Unity had proved easiest at the start of Washington’s first term. Once the three branches

of government were formed, the President was charged with a larger divisive task:

handling debt from the Revolutionary War. As currency and taxation became more

prominent issues, the differing values of sectarian Cabinet members crystallized.

Presidential advisor and staunch Federalist Alexander Hamilton, who had developed

national currency and taxation plans, had visions of a strong central bank. This clashed

with Secretary of State Thomas Jefferson’s ideal of meager government. By 1793, each

man had assembled a network of supporters. By the end of Washington’s second term,

Hamilton’s Federalists and Jefferson’s Democratic - Republicans were regularly slinging

mud via sectarian newspapers.

When George Washington retired from public office, his Farewell Address named his

nation’s struggle for unity and its current trend toward separation.
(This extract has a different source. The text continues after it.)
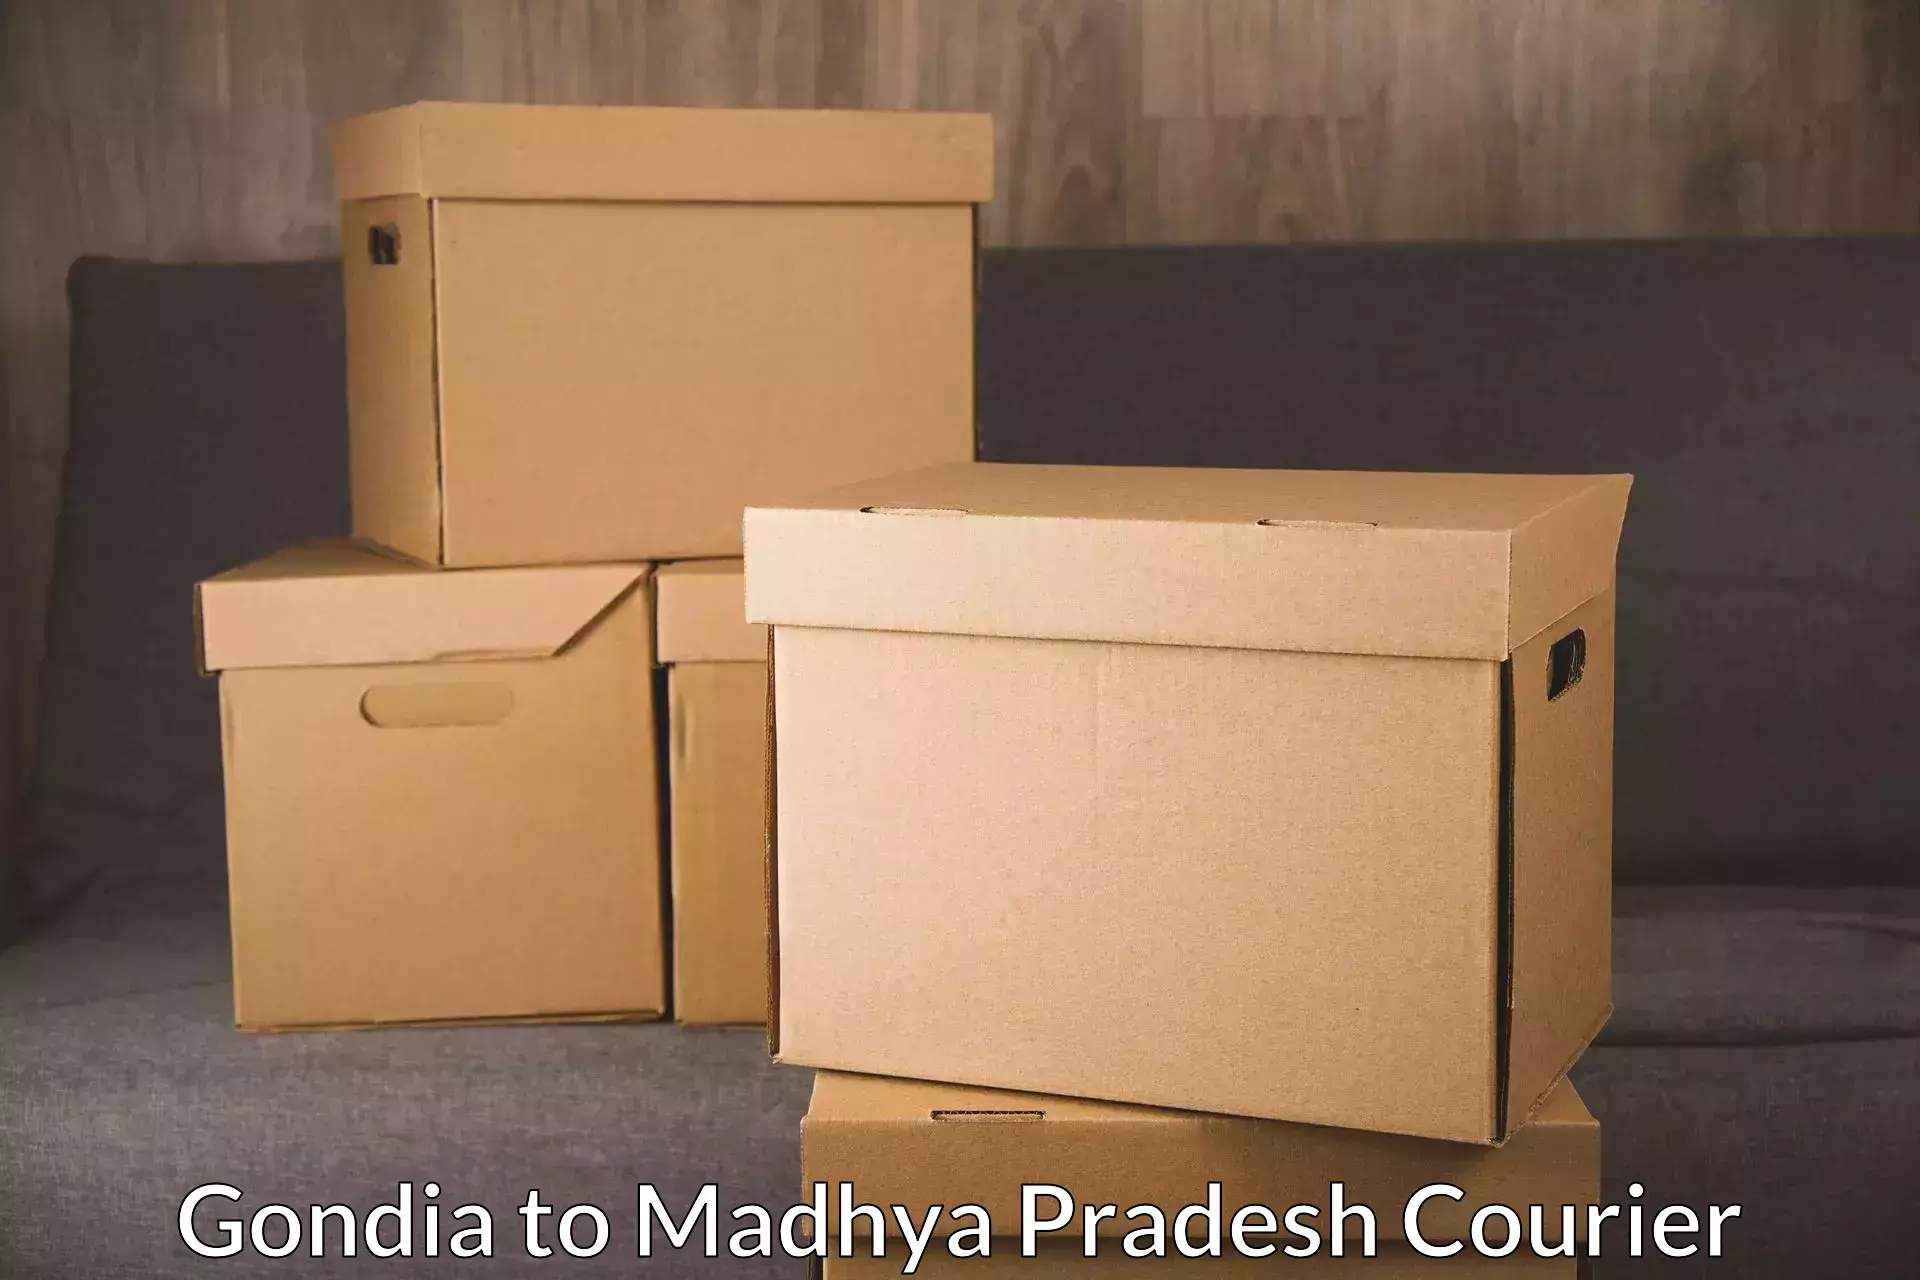 Ocean freight courier Gondia to Madhya Pradesh
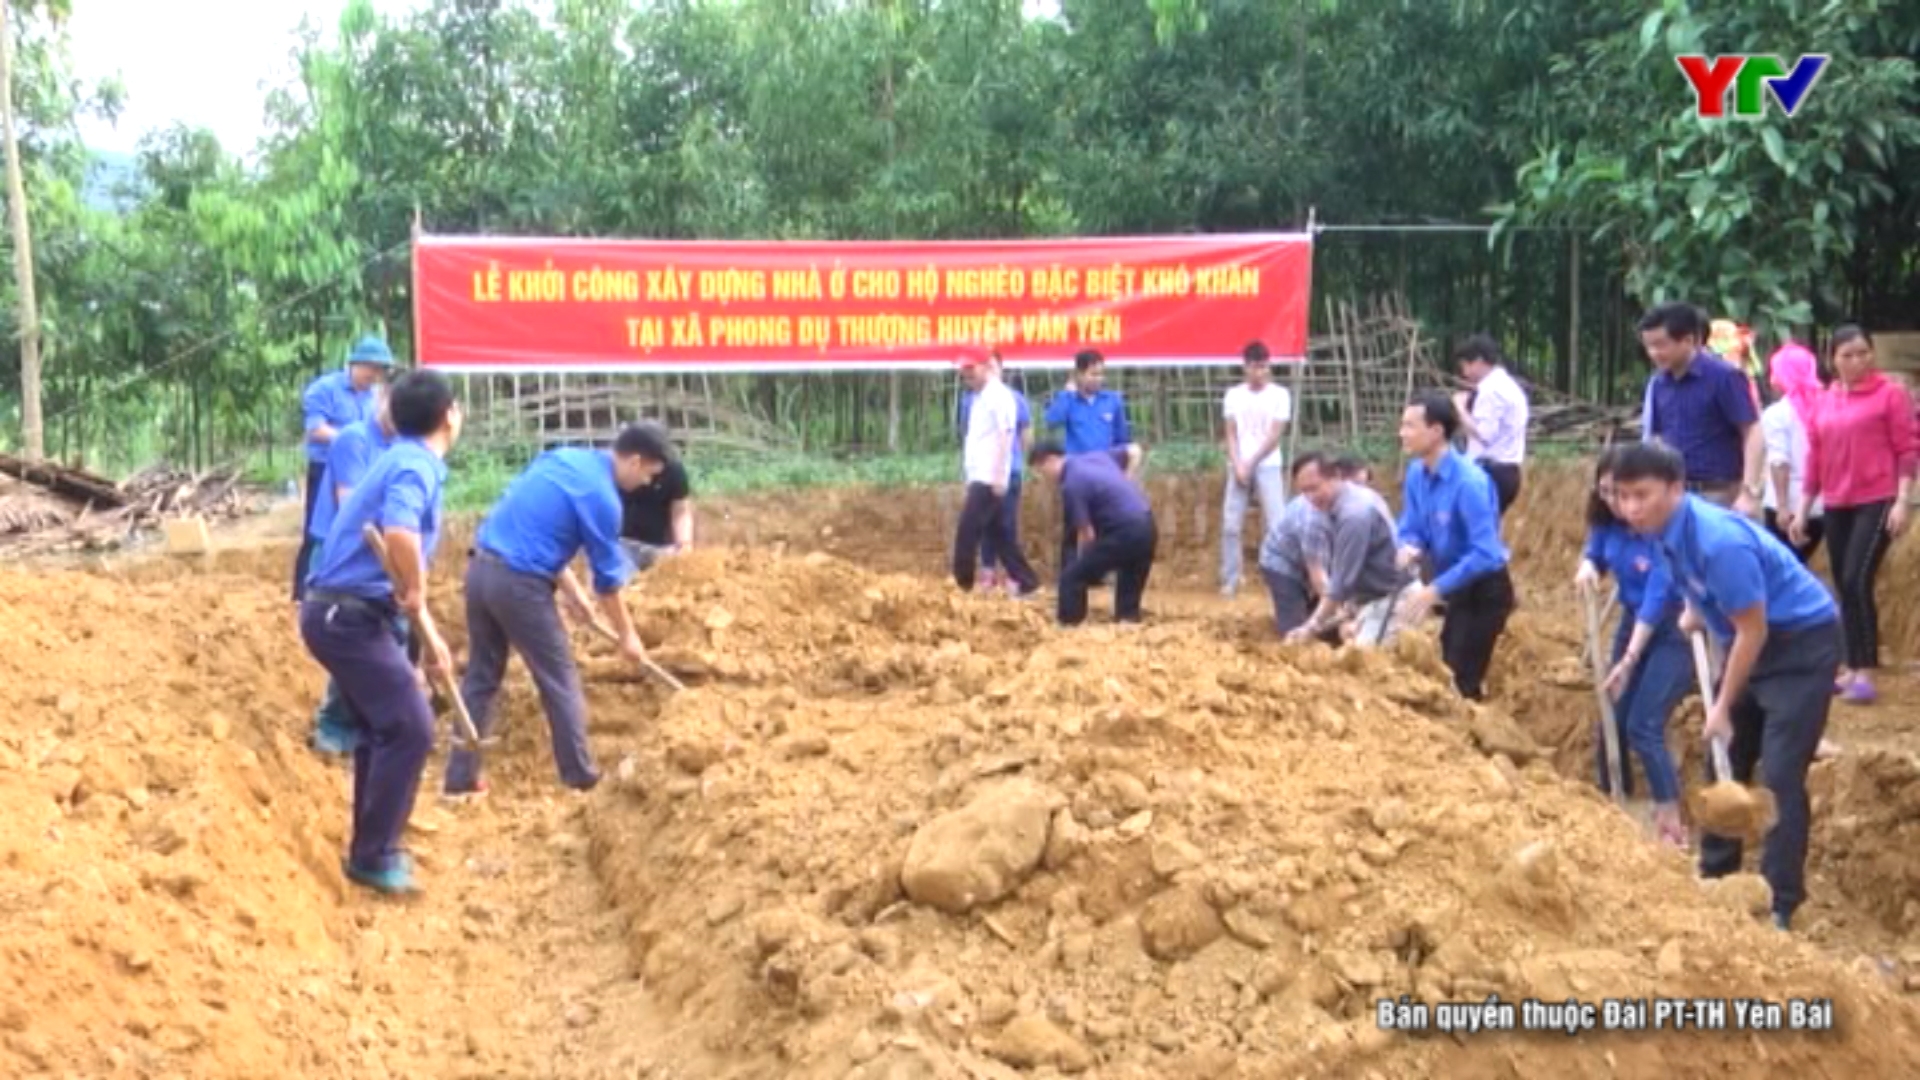 Thanh tra tỉnh khởi công xây dựng nhà ở cho 2 hộ nghèo huyện Văn Yên

He described the

federal government’s unity as “a leading pillar in the edifice of your real independence... of

your tranquility at home, your peace abroad; of your safety; of your prosperity; of that

very liberty which you so highly prize. ” This unity was threatened, in his view, by the

newly - formed political parties. Washington warned citizens against “the baneful spirit of

faction” and said it would only “enfeeble the Public Administration. ”

Today, this Farewell Address is annually read aloud in both houses of Congress, to our

voguish - - and perhaps enfeebled - - factions, in tribute to Washington’s service and as a

reminder of his political foresight.